··· Supplied material

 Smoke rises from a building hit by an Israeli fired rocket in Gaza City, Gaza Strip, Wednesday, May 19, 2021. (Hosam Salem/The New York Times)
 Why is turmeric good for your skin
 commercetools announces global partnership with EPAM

······

> [How to complete this task]
Exactly reproduce the material above.

> [Answer]
 Smoke rises from a building hit by an Israeli fired rocket in Gaza City, Gaza Strip, Wednesday, May 19, 2021. (Hosam Salem/The New York Times)
 Why is turmeric good for your skin
 commercetools announces global partnership with EPAM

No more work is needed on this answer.